> **Exercise data**:
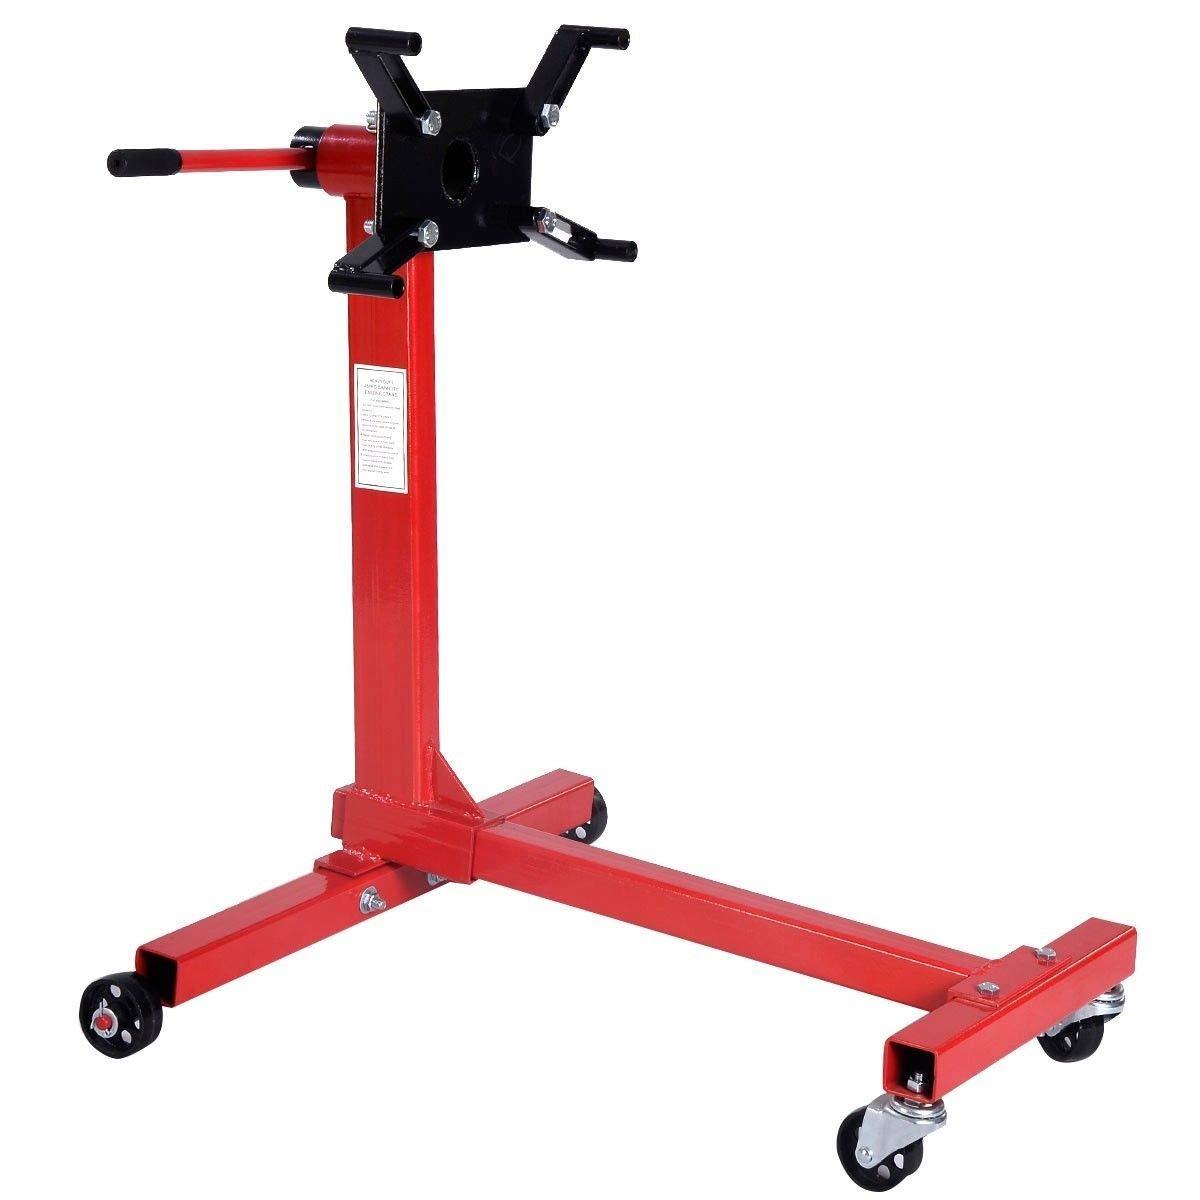 Lift Hoist Automotive 1000 lbs Rotating Shop Engine Stand Heavy Duty w/ 4 Adjustable Arms MD Group
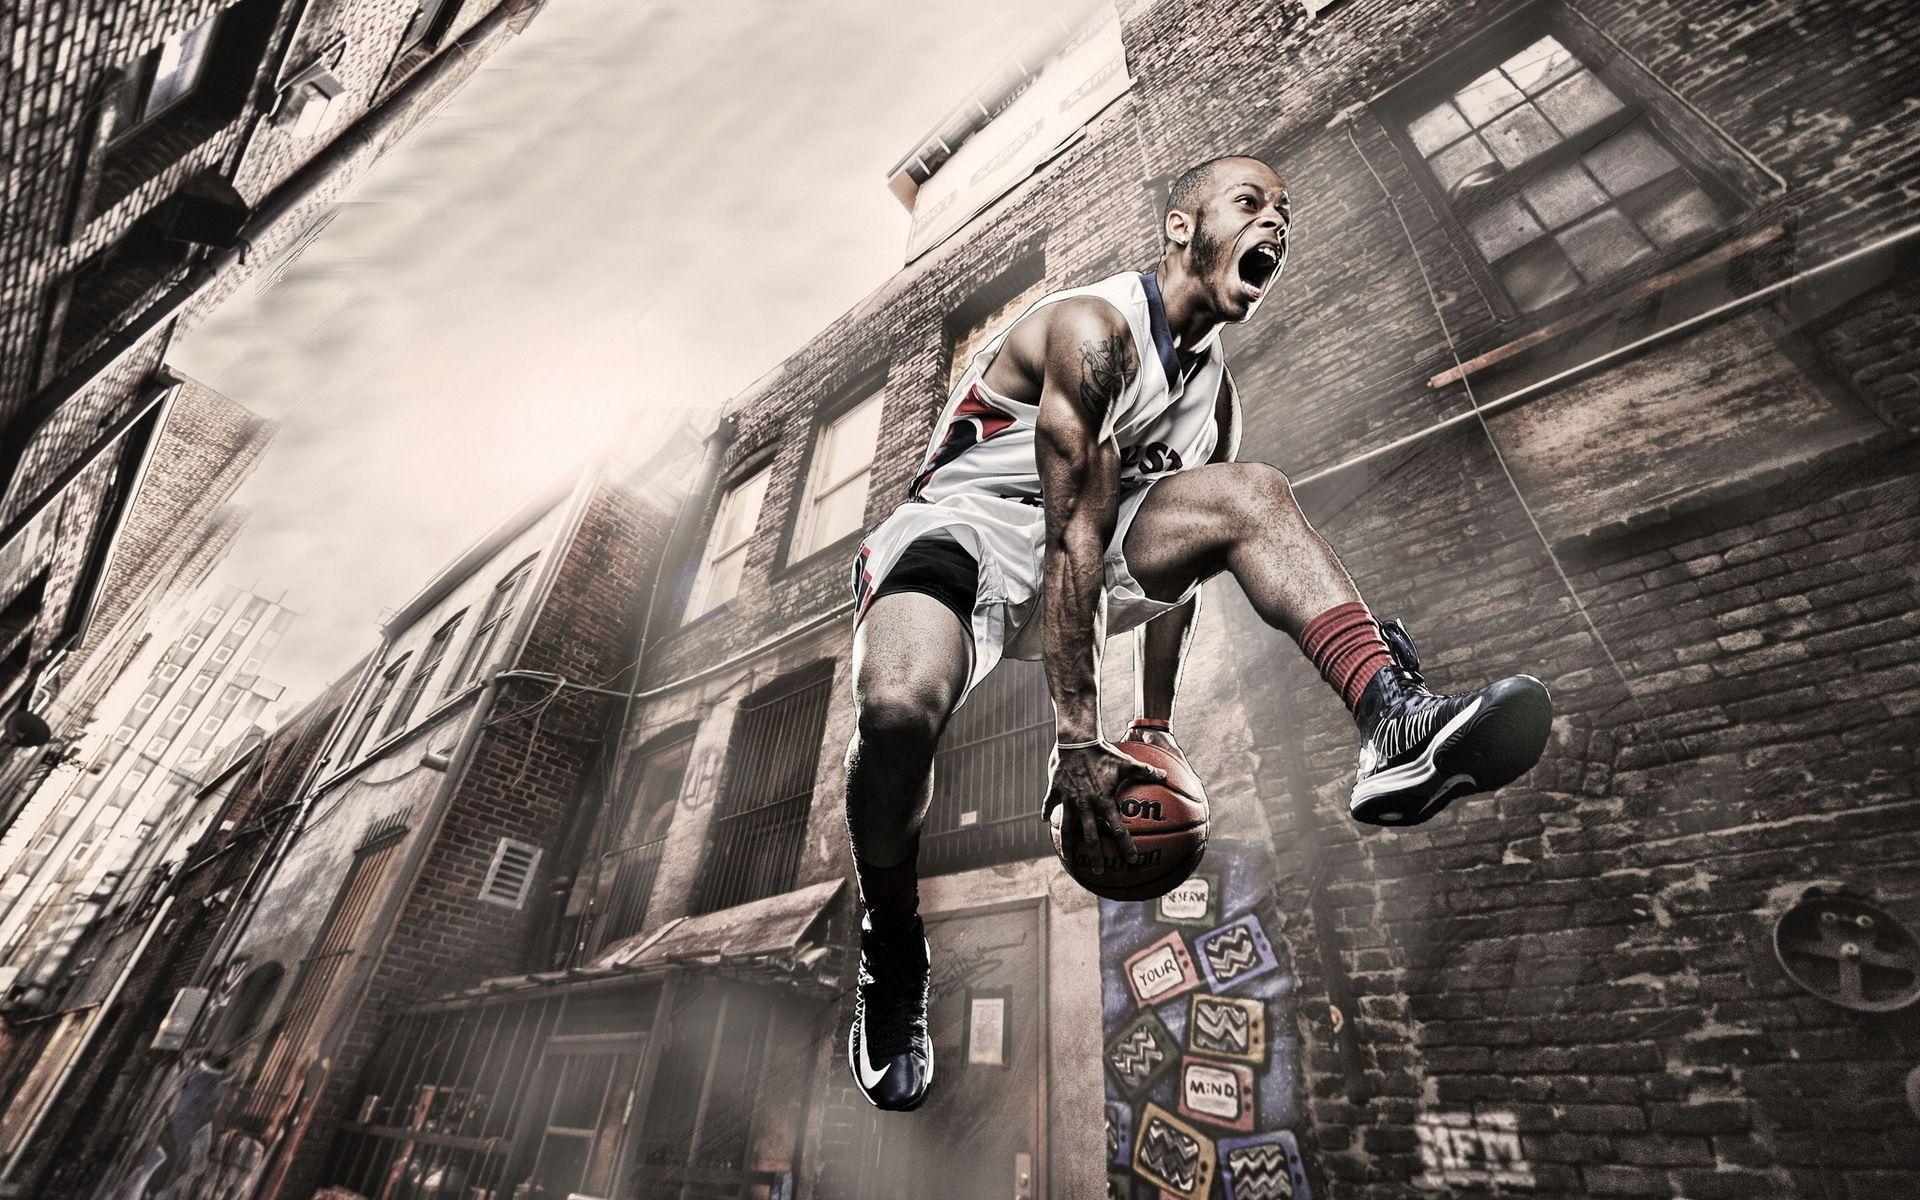 Nba Basketball Wallpapers 2017 - Wallpaper Cave
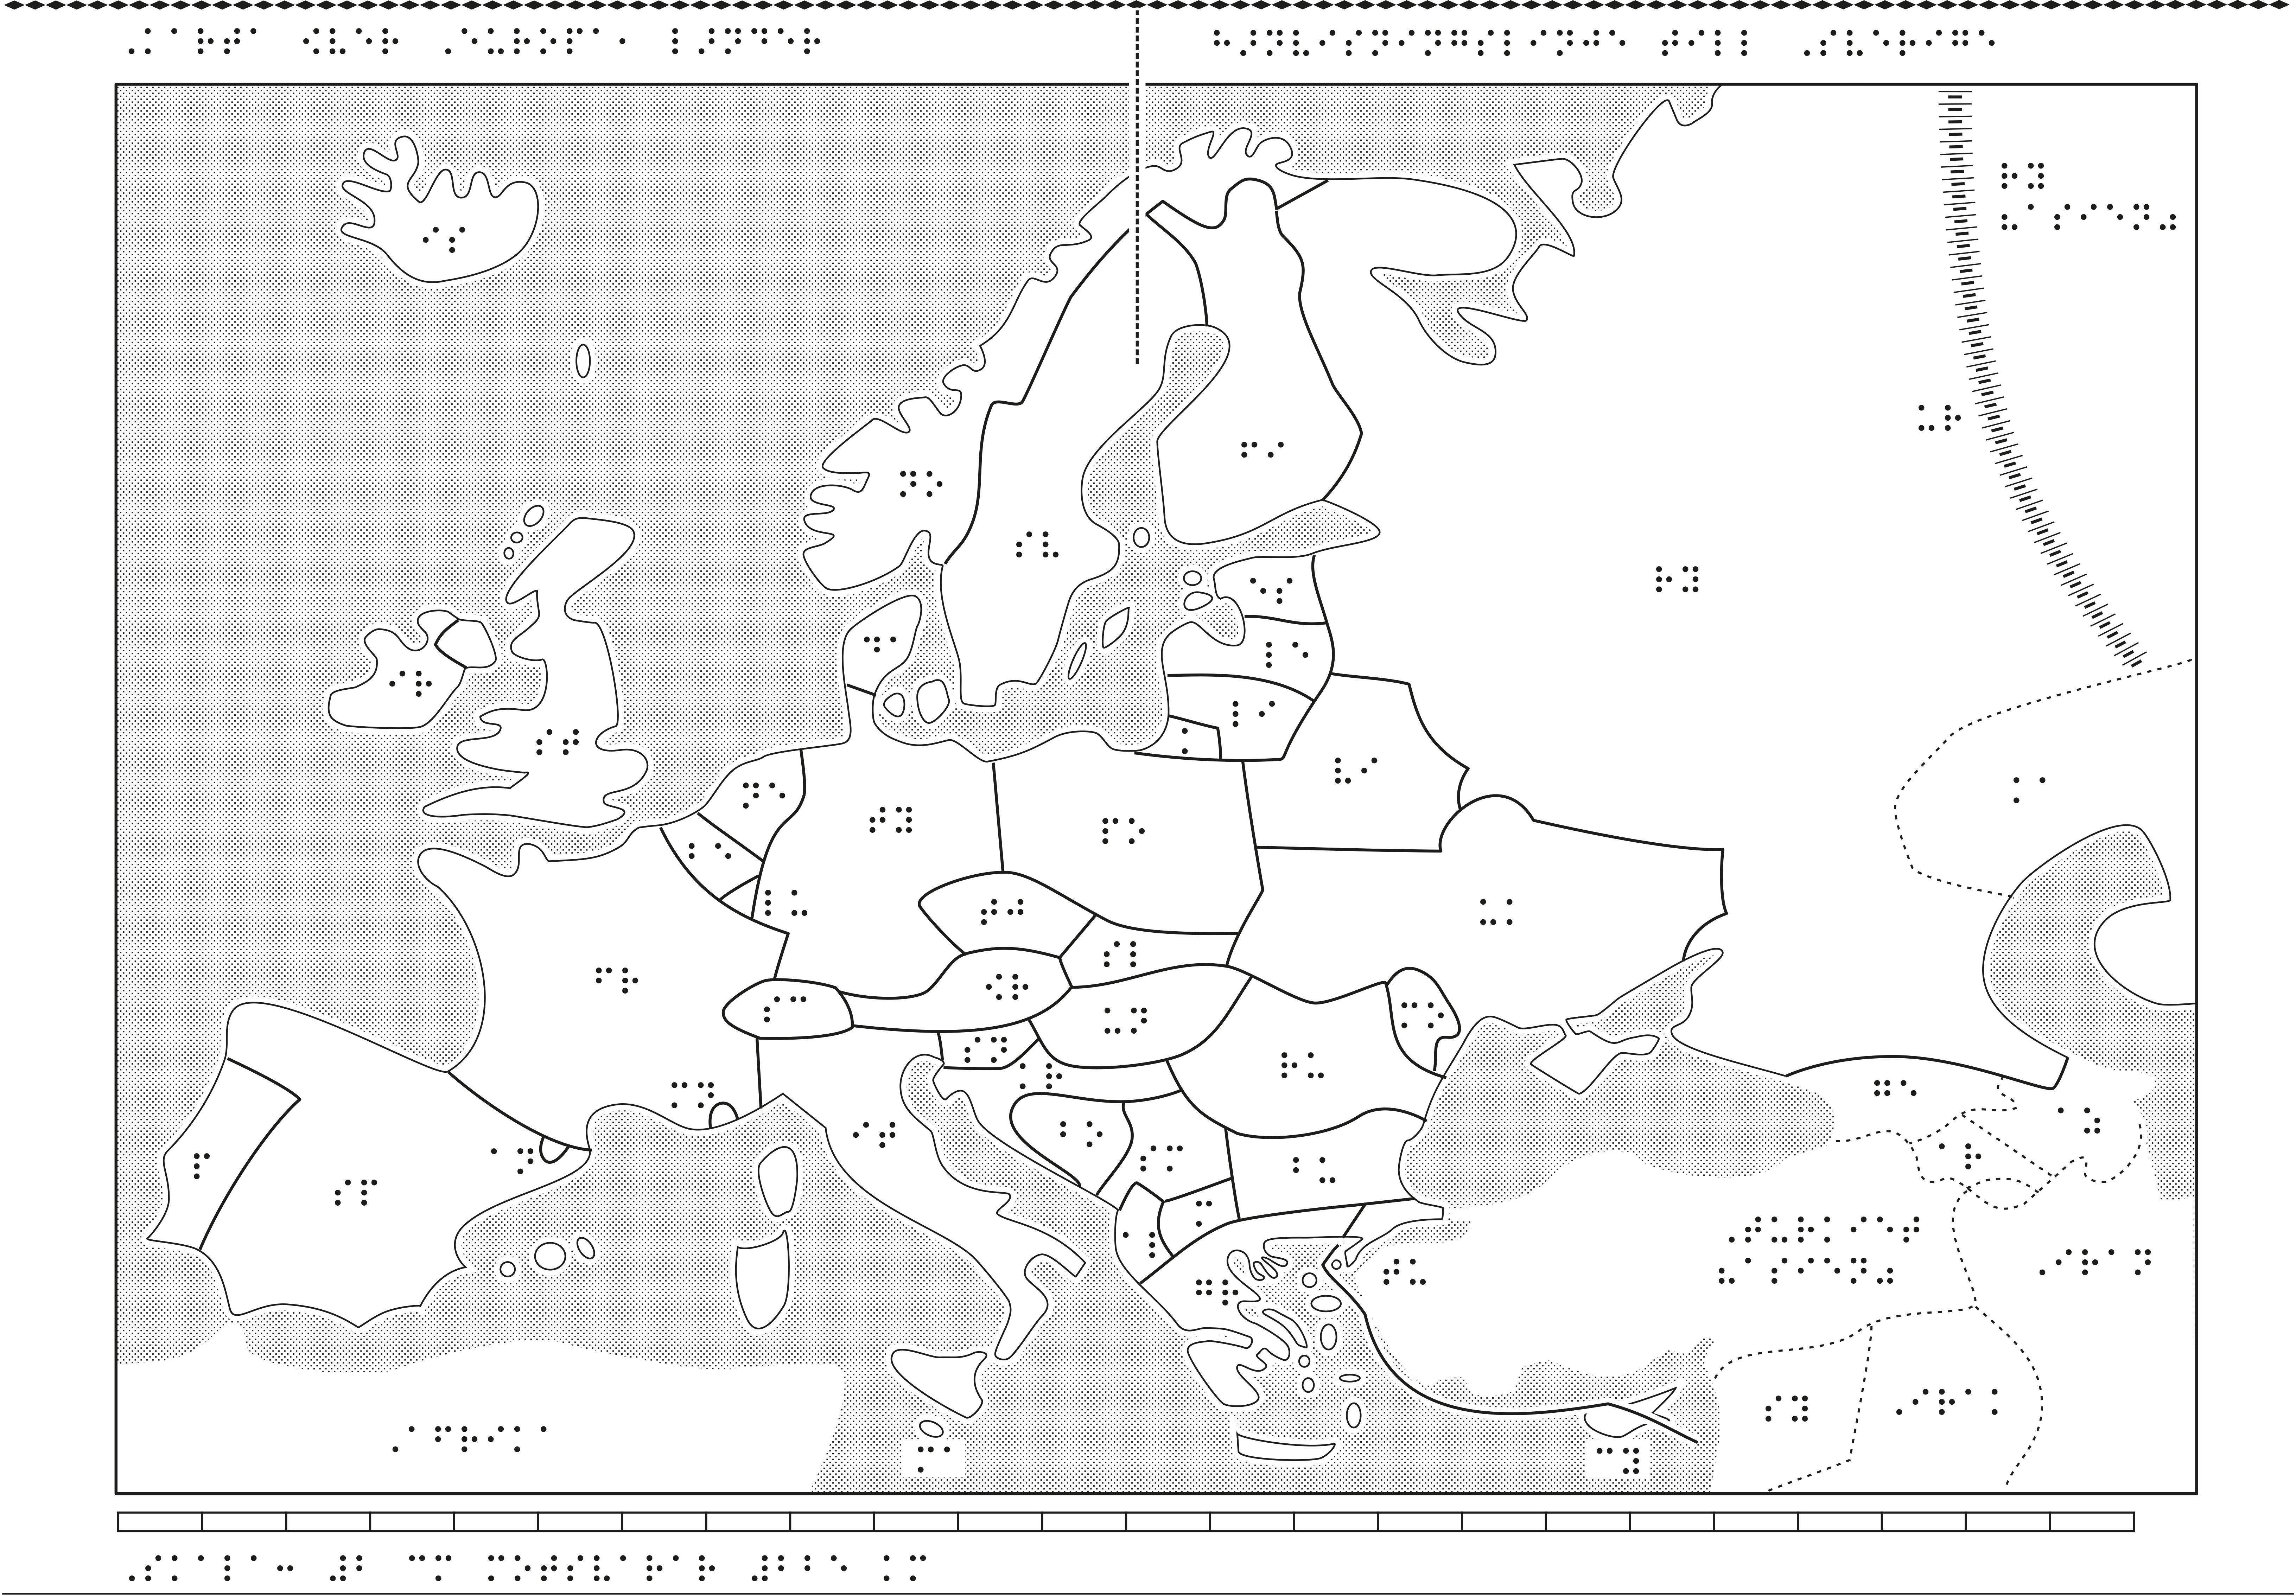 Europakarta i relief.

> **The task**: Apart from the pictures, repeat the data above exactly.

> **Response**:
 Lift Hoist Automotive 1000 lbs Rotating Shop Engine Stand Heavy Duty w/ 4 Adjustable Arms MD Group
 Nba Basketball Wallpapers 2017 - Wallpaper Cave
 Europakarta i relief.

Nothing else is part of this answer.